With regard to whether there was a valid restraint, the court held that restraint fell away when Laser Junction concluded a new agreement with the employee in 2013, alternatively that the restraint fell away when the employee was promoted to procurement as the restraint only related to the employee in his capacity as an internal sales clerk.
As to whether the restraint agreements transferred under s197 of the LRA, the court held that “section 197 of the LRA provides for the transfer of a contract of employment to a new employer. It is designed to ensure that the transfer of a business does not prejudice the employees.” It held that “only contracts of employment are transferrable under s197 of the LRA”.
The court then turned to the nature of an employment contract, explaining that the Basic Conditions of Employment Act,
No 75 of 1997 (BCEA) states that “contracts of employment may contain basic conditions of employment as provided in the BCEA or a sectoral determination, and any law or term in a contract that is more favourable to the employee.”
Importantly, the court held that a restraint of trade that is less favourable than the BCEA cannot be a term in an employment contract and if less favourable would be excluded from a contract of employment as defined and not transferrable under s197.
The court characterised the restraint harshly, stating that the real and only purpose of the restraint agreement was to wield it as a weapon to discourage the employee from leaving and when he did, to constrain his new employment to its advantage. The court held that the restraint agreement was less favourable than the BCEA, did not meet the definition of a contract of employment and could not be transferred, in terms of s197, to Laser Junction.

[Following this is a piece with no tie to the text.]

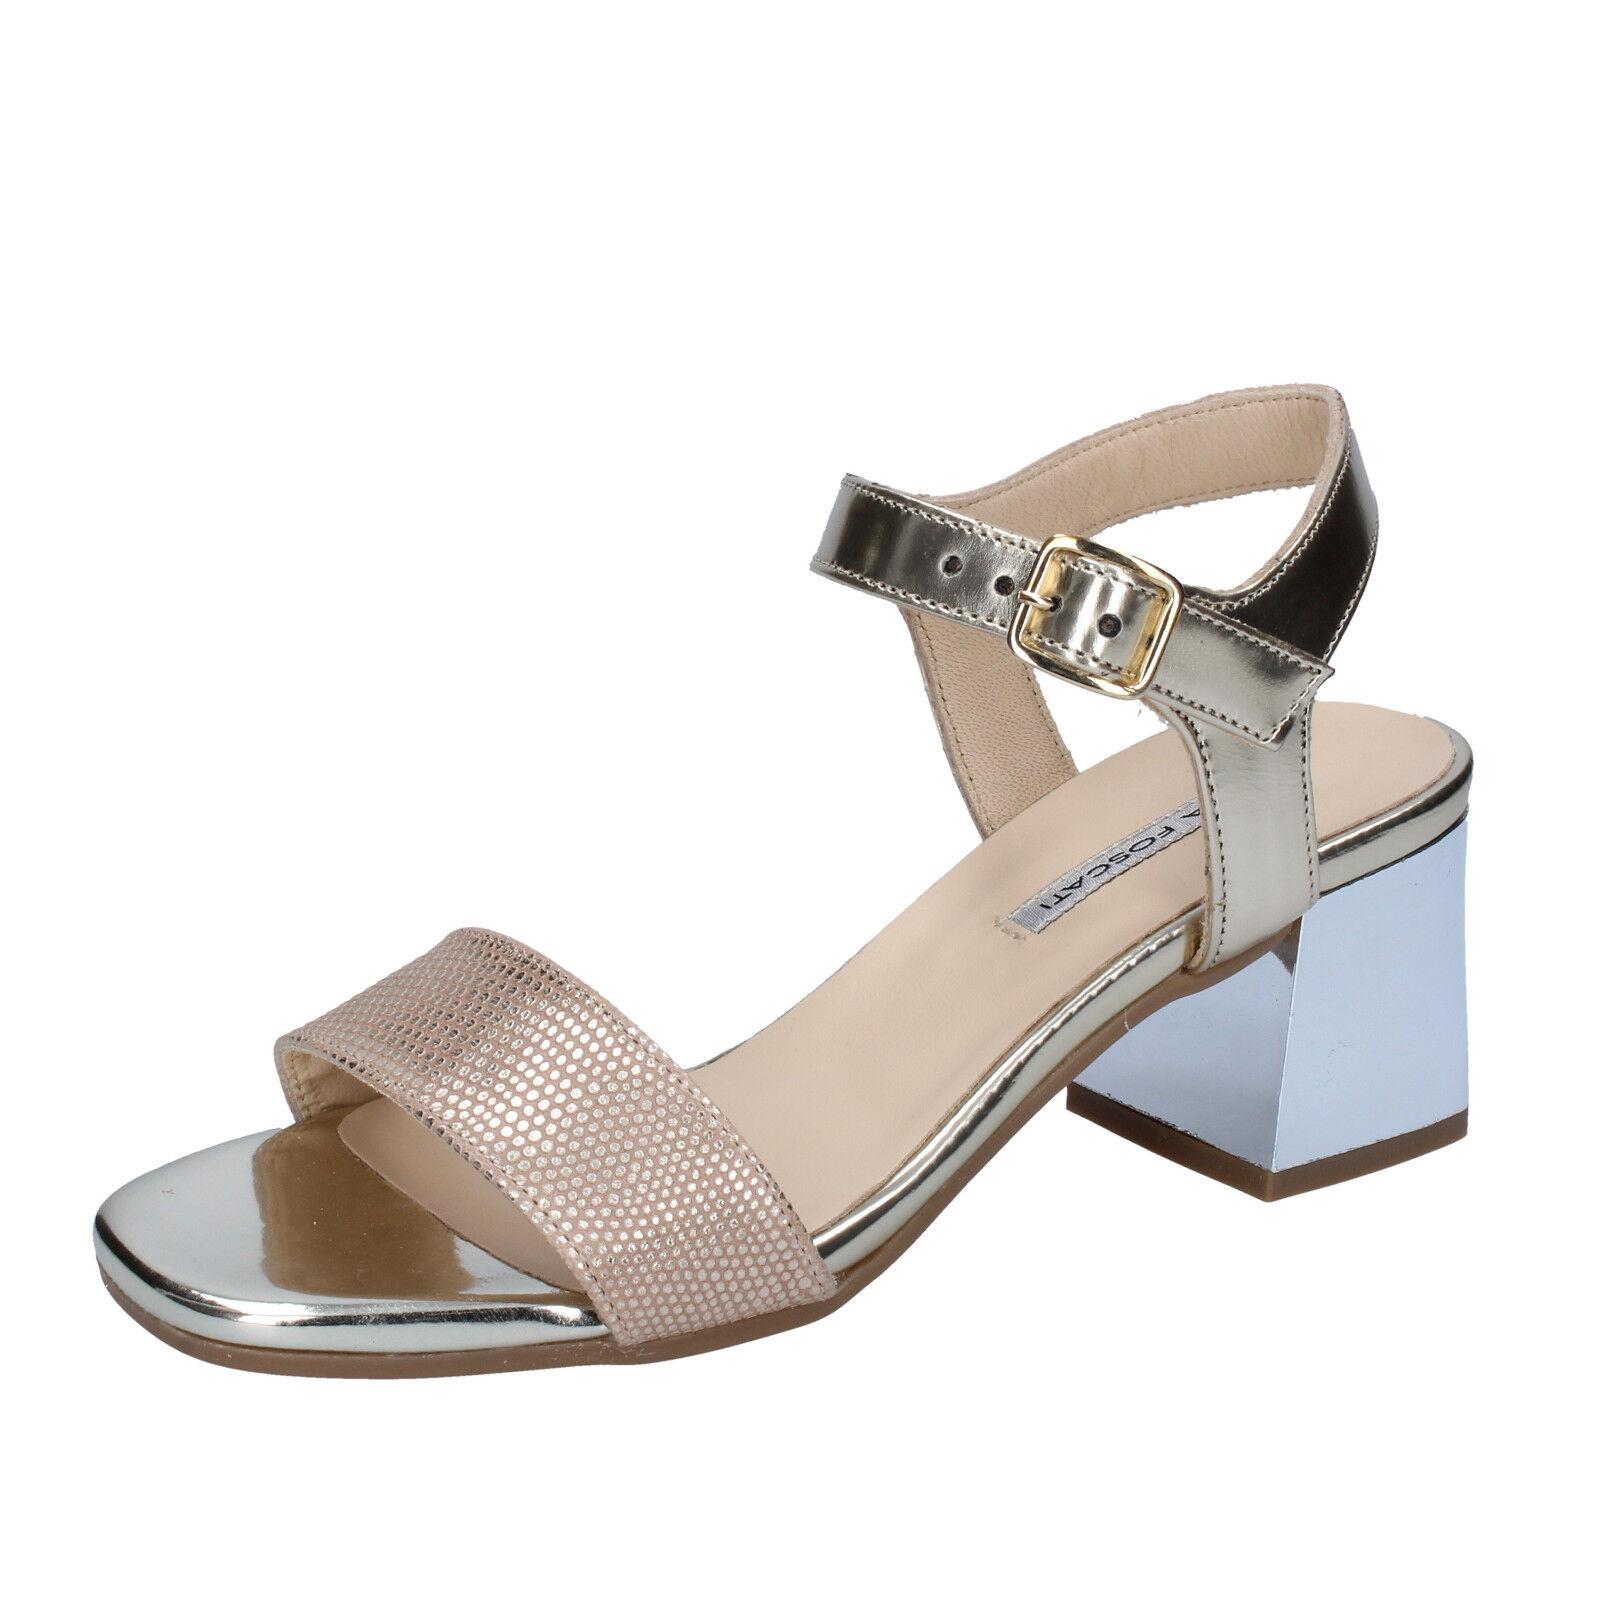 Scarpe donna LEA platino FOSCATI 35 EU sandali platino LEA pelle lucida BZ658-B f3f7c8

The lessons that can be learnt from this case: Firstly, if a restraint of trade is of particular importance to a company, it should ensure that such agreement is more favourable to the employee than the BCEA. A restraint of trade clause will be more favourable to an employee where the employee is paid for the period of the restraint. Secondly, because s197 of the LRA only provides for the transfer of contracts of employment, it is a better alternative for restraints of trade to be incorporated in the principle contract of employment rather than being a stand-alone agreement.